In 1998, a retrospective of Trimurti, titled Trimurti and Ten Years After, was held at the Singapore Art Museum, commemorating a decade since the original exhibition.

=== 2000s ===
In 2001, Salleh was selected to represent at the very first Singapore Pavilion at the 49th Venice Biennale. Curated by Ahmad Mashadi and Joanna Lee, Salleh would exhibit alongside Henri Chen KeZhan, Suzann Victor, and Matthew Ngui. At the Singapore Pavilion, Salleh presented a large-scale installation, Kemelut (Turbulence). In 2004, Salleh presented a solo exhibition, Gurindam dan Igauan, at the Earl Lu Gallery, Singapore, and in 2008, he exhibited work at APAD: Tradition, Innovation and Continuity at the Singapore Art Museum. In 2005, Salleh would draw on his earlier experiences as Assistant Curator at the National Museum Singapore to curate an exhibition titled Batik Forms: Rethinking Tradition at the MICA ARTrium.

=== 2010s to present ===
After a 10-year hiatus, Salleh would present new work at a solo exhibition in 2015, Talwin and Tamkin, at the Institute of Contemporary Arts Singapore. In 2018, Salleh would exhibit Sulh-i-Kull (Universal Tolerance) at State of Motion: Sejarah-ku, an artwork of nine stone-like tablets responding to the location as an imagined site for the early arrival of Islam to the Malay Archipelago, in reference to the 1960 film, Isi Neraka.

== Art ==

=== Trimurti (1988) ===
Refusing to take part in their own graduation show, Salleh, alongside fellow Nanyang Academy of Fine Arts graduates Goh and Chandrasekaran, instead staged works such as paintings, installations and performances at their own exhibition at Goethe-Institut, titled Trimurti. The trio treated the gallery as a collaborative space, creating an exhibition that could be viewed as a single large installation, rather than a curated selection of individual works.

Taking the Hindu concept of trimurti as its starting point, that is, creation, preservation and destruction, the trio sought to develop an artistic language inspired by Indian-Hindi, Chinese-Buddhist, and Malay-Muslim vernacular traditions and cultural values, for Chandrasekaran, Goh, and Salleh, respectively. Despite the close alignment with state-prescribed notions of preserving distinct racial, ethnic, and religious identities under the CMIO (Chinese-Malay-Indian-Other) system of categorisation, such artistic explorations were deemed significant as an early attempt to contend with multiculturalism in Singaporean identity and culture in contemporary art.
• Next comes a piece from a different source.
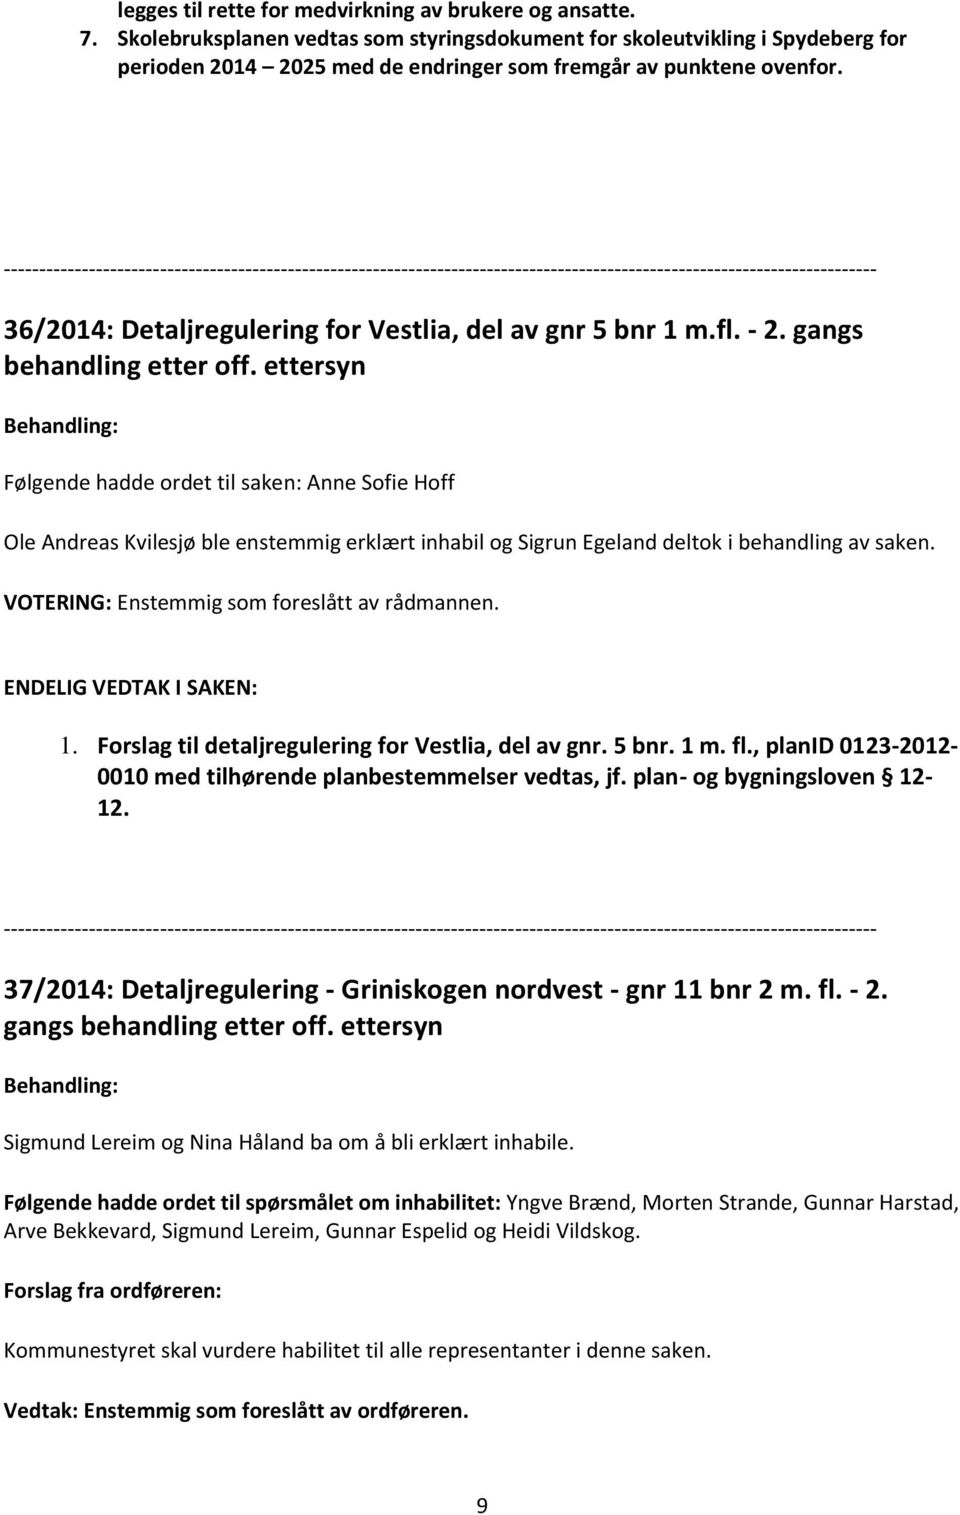 36/2014: Detaljregulering for Vestlia, del av gnr 5 bnr 1 m.fl. - 2. gangs behandling etter off.

=== 49th Venice Biennale (2001) ===
At the Singapore Pavilion, Salleh presented Kemelut (Turbulence), an installation made with metal sheets, PVC pipes, brass tap heads, wood, unbleached calico, and an assortment of spices and salt. Consisting of three sequential and experiential spaces, visitors first encountered a large metal-clad wall connecting the two other spaces. The first space was dominated by the presence and smell of spices, and the second, by salt. For Salleh, these material encounters provided a metaphor for engagements between colonial powers and the colonised. Through references to the history of Venetian and European trade, as well as Western colonialism in Asia, Salleh sought to critique the West's construction of its own history and identity by identifying marginalised fragments, forgotten texts, materials and experiences that could complicate static and stable notions of history.

== Awards ==
In 1996, Salleh received the Visual Arts Award from the Japanese Chamber of Commerce & Industry, and in 1999, he was awarded the Singapore Youth Award (Art and Culture) from the National Youth Council. In 2008, he was one of 28 artists commissioned by Singapore's Land Transport Authority to create artwork for the Paya Lebar MRT station. One of the highest accolades he has received is being selected as one of the four artists representing Singapore in the 49th Venice Biennale in 2001.